### Data entries
____

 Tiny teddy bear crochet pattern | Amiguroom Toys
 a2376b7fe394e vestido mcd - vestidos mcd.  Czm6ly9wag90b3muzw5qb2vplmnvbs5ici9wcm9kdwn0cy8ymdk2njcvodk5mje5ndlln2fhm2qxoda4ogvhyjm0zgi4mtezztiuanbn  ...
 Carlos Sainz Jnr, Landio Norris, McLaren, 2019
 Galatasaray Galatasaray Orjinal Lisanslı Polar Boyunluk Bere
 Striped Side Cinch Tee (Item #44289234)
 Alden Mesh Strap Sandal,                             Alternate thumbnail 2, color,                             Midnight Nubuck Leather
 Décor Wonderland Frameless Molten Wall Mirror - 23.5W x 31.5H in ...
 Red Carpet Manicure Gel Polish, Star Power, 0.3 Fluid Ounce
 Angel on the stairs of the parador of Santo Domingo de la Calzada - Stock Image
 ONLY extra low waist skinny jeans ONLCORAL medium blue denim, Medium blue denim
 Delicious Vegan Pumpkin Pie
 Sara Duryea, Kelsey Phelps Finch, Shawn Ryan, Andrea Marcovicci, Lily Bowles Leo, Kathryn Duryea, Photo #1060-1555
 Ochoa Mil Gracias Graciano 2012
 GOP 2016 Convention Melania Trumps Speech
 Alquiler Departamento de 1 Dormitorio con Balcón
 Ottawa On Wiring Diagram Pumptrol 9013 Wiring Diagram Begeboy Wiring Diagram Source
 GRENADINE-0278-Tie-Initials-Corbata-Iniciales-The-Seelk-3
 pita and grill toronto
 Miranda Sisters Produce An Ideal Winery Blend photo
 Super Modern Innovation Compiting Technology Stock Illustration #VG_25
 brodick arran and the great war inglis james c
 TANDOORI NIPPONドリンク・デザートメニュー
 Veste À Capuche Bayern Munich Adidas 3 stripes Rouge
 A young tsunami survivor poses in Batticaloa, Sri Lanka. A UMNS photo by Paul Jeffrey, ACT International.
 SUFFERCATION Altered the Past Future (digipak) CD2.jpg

____

If a line in the entries holds the string "Stock", copy it.

 Angel on the stairs of the parador of Santo Domingo de la Calzada - Stock Image
 Super Modern Innovation Compiting Technology Stock Illustration #VG_25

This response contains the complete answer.